ED治療薬は、正しく使えば有用な薬ですが、副作用がまったくないわけではありません。多くは軽度で一時的とされる一方、絶対に併用してはいけない薬があり、持病によっては使えないこともあります。安全に使うために、副作用と注意点を正しく知っておくことが大切です。
ED治療薬(バイアグラ・シアリス・レビトラなどのPDE5阻害薬)の副作用は、顔のほてり・頭痛・鼻づまり・動悸・目のかすみなどが知られ、多くは軽度で一時的とされます。
一方で、最も注意すべきは併用禁忌です。とくに、狭心症などで使う硝酸薬(ニトログリセリンなど)との併用は、血圧が急激に下がり命に関わるため、絶対にできません。重い心臓・肝臓・腎臓の病気がある人なども注意が必要です。
さらに、個人輸入や海外製・未承認のED治療薬は、偽造品・成分不明による重い健康被害のおそれがあり危険です。薬は必ず医療機関を通じて入手し、持病や服用中の薬を医師に伝えたうえで使うことが前提です。薬の種類ごとの違いはED治療薬の違いで整理しています。
出典:日本性機能学会 ED診療ガイドライン関連情報・各薬剤の添付文書をもとに編集部作成この記事では、副作用の仕組み、共通・種類別の副作用、併用禁忌、持病がある場合の注意、緊急サイン、個人輸入のリスク、安全に使うコツまでを順に整理します。
ED治療薬の副作用を理解するには、まずその仕組みを知っておくと役立ちます。
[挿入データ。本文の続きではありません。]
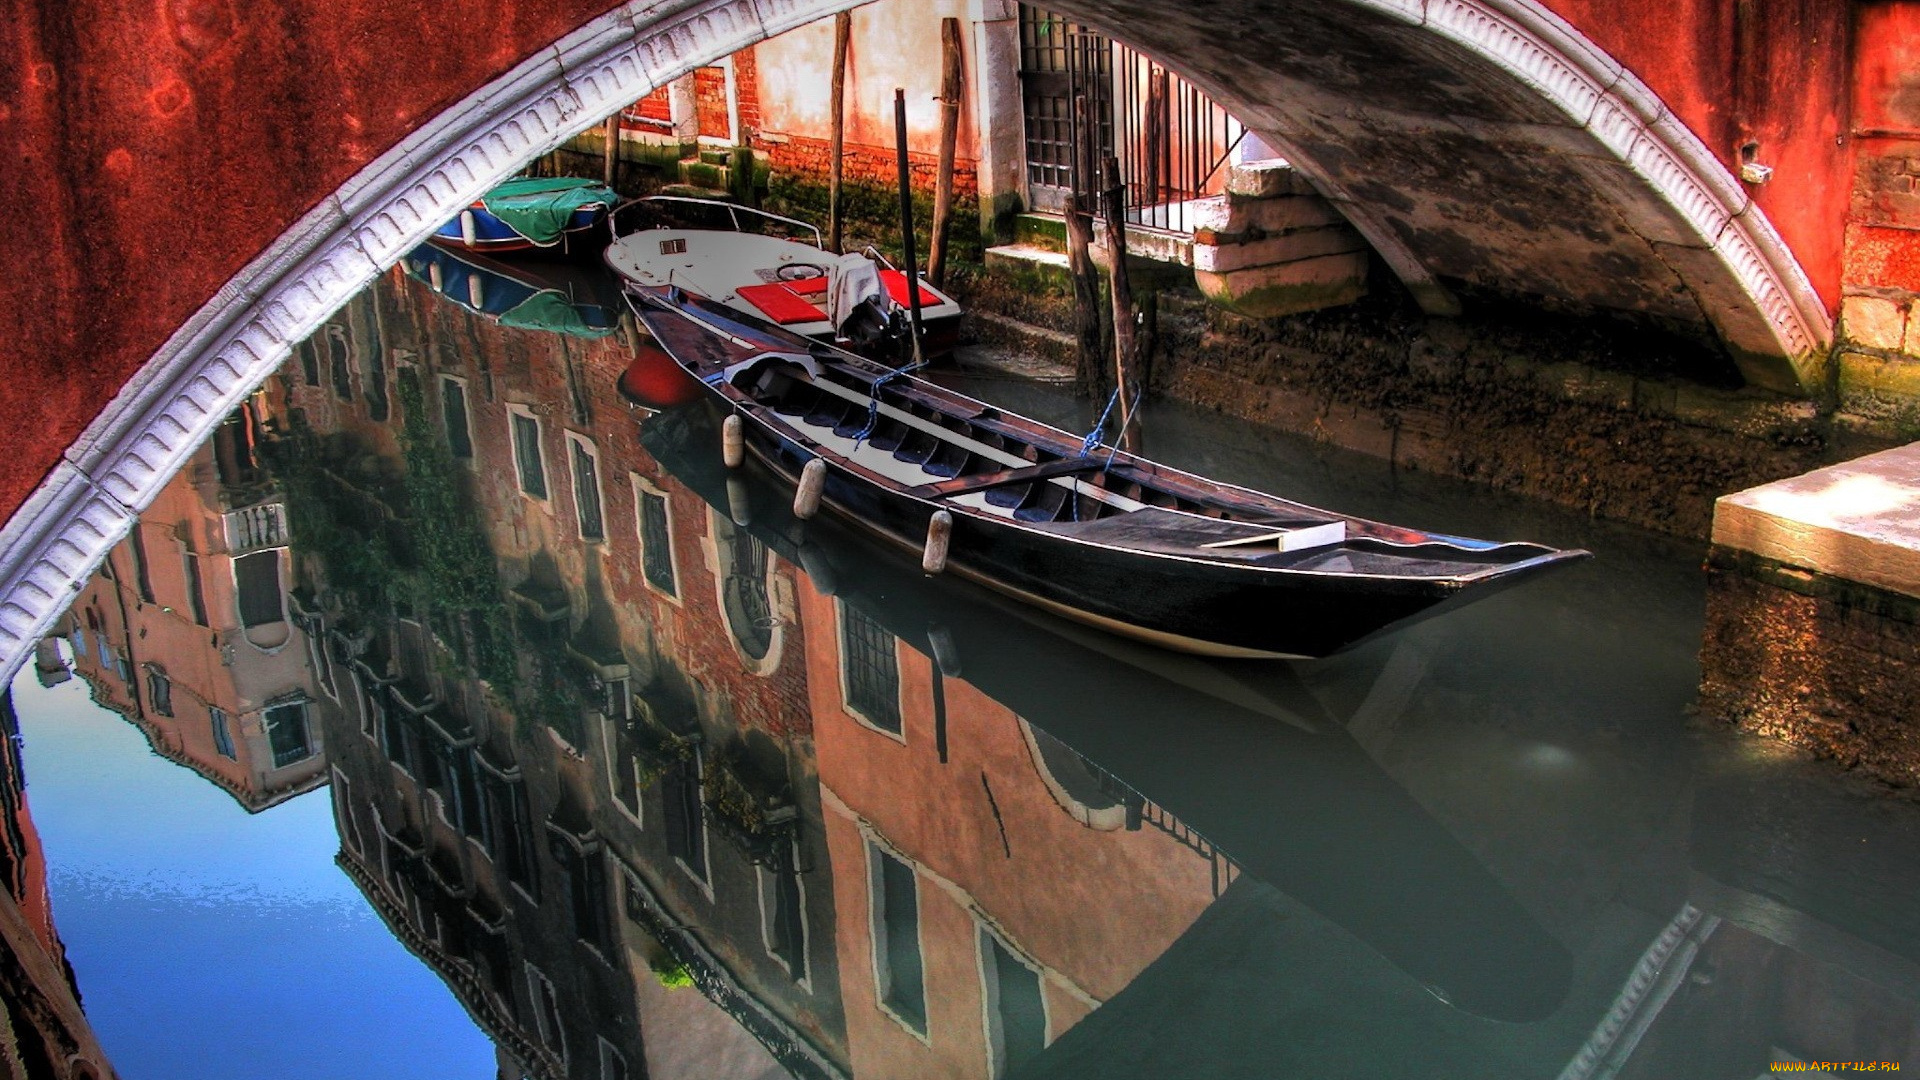 города, венеция, , италия, город, отражение, вода, гондолы, лодки, здания, дома, река, мост, арка

現在広く使われているED治療薬は「PDE5阻害薬」と呼ばれ、血管を広げて血流を良くすることで、勃起を助ける働きを持ちます。ED治療薬の仕組みや原因についてはED治療とはでも整理しています。
この「血管を広げる」という作用は、目的の部位だけでなく全身の血管にもある程度およびます。そのため、副作用の多くは、この血管拡張の作用に関連して起こります。たとえば、顔の血管が広がることでほてりや赤らみが、頭部の血管が広がることで頭痛が、鼻の血管が広がることで鼻づまりが生じる、といった具合です。つまり、ED治療薬の代表的な副作用は、薬の効き方の延長線上にあるものだと理解できます。
このことを知っておくと、なぜそうした副作用が起こるのかが腑に落ち、過度に不安にならずに済みます。多くは軽度で一時的とされますが、感じ方には個人差があり、強く出る人もいます。だからこそ、医師の説明を受け、自分に合った薬・量を選ぶことが大切になります。
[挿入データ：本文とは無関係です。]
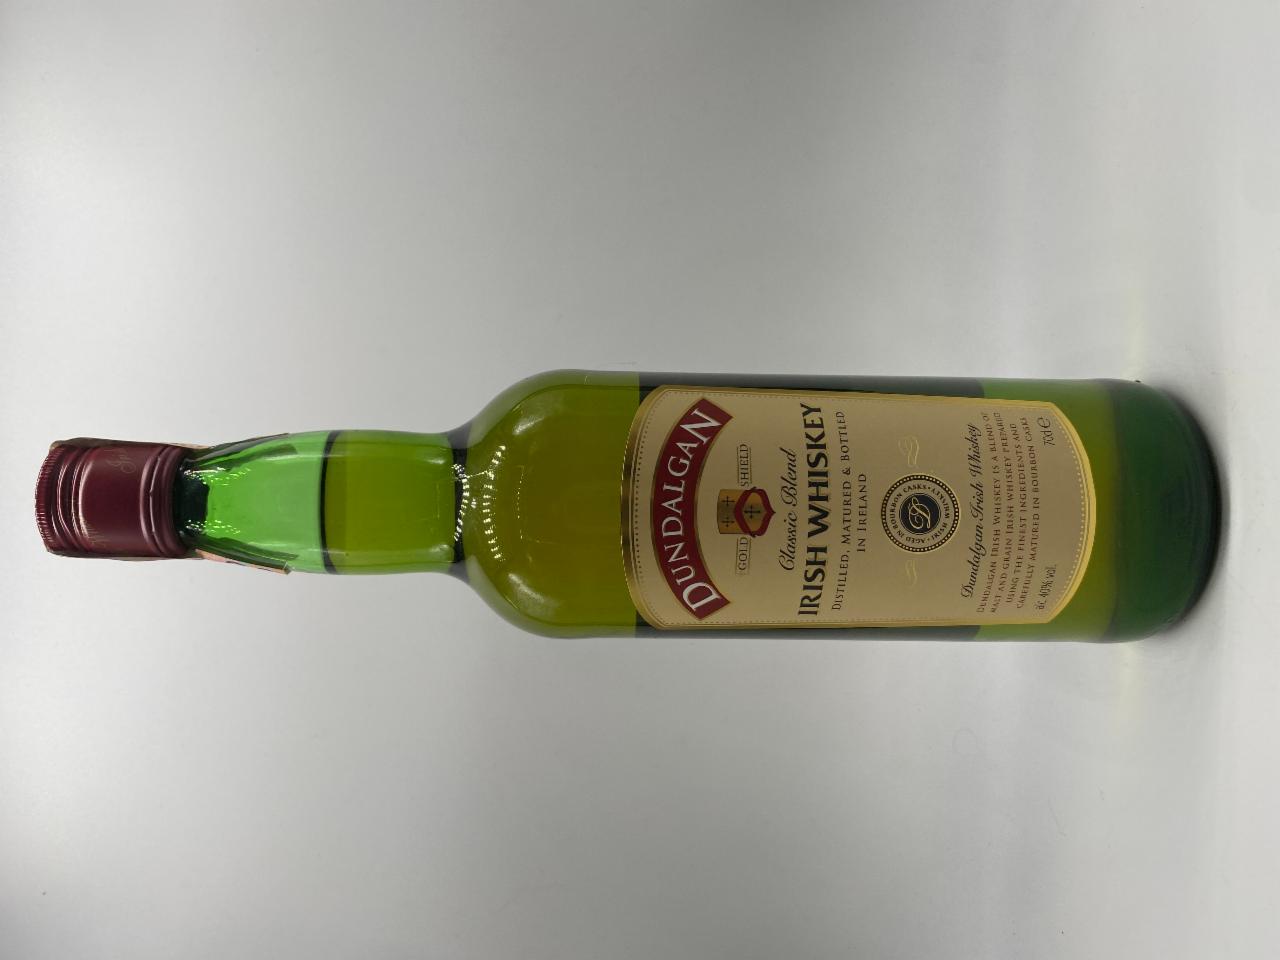 J&B scotch whisky 40% - nutriční a hodnoty kalorie, kJ

また、この「全身の血管に作用する」という性質は、後で述べる併用禁忌や持病への注意とも深く関わっています。血管や血圧に影響する薬・病気を持つ人にとっては、この作用が思わぬリスクになりうるからです。副作用を単なる「不快な症状」としてだけでなく、薬がどう体に働いているかのあらわれとして捉えると、なぜ注意が必要なのかが理解しやすくなります。
PDE5阻害薬に共通して知られている主な副作用は、次のとおりです。いずれも血管拡張の作用に関連したもので、多くは軽度・一時的とされます。
| 副作用 | 内容 |
|---|---|
| 顔のほてり・赤らみ | 顔や上半身が熱く感じたり、赤くなったりする |
| 頭痛 | 頭部の血管が広がることによる軽い頭痛 |
| 鼻づまり | 鼻の粘膜の血管が広がることによる |
| 動悸 | 心拍がやや速く感じられる |
| 目のかすみ・まぶしさ | 視覚に一時的な変化を感じることがある |
| 消化器症状 | 胃の不快感などが起こることがある |
これらは多くの場合、薬の効果が切れるとともに自然におさまっていくとされています。ただし、症状が強い場合や、長く続く場合、不安を感じる場合は、自己判断で我慢せず、処方を受けた医療機関に相談することが大切です。副作用の感じ方には個人差があり、合わない場合は別の種類や量に変更することで軽くなることもあります。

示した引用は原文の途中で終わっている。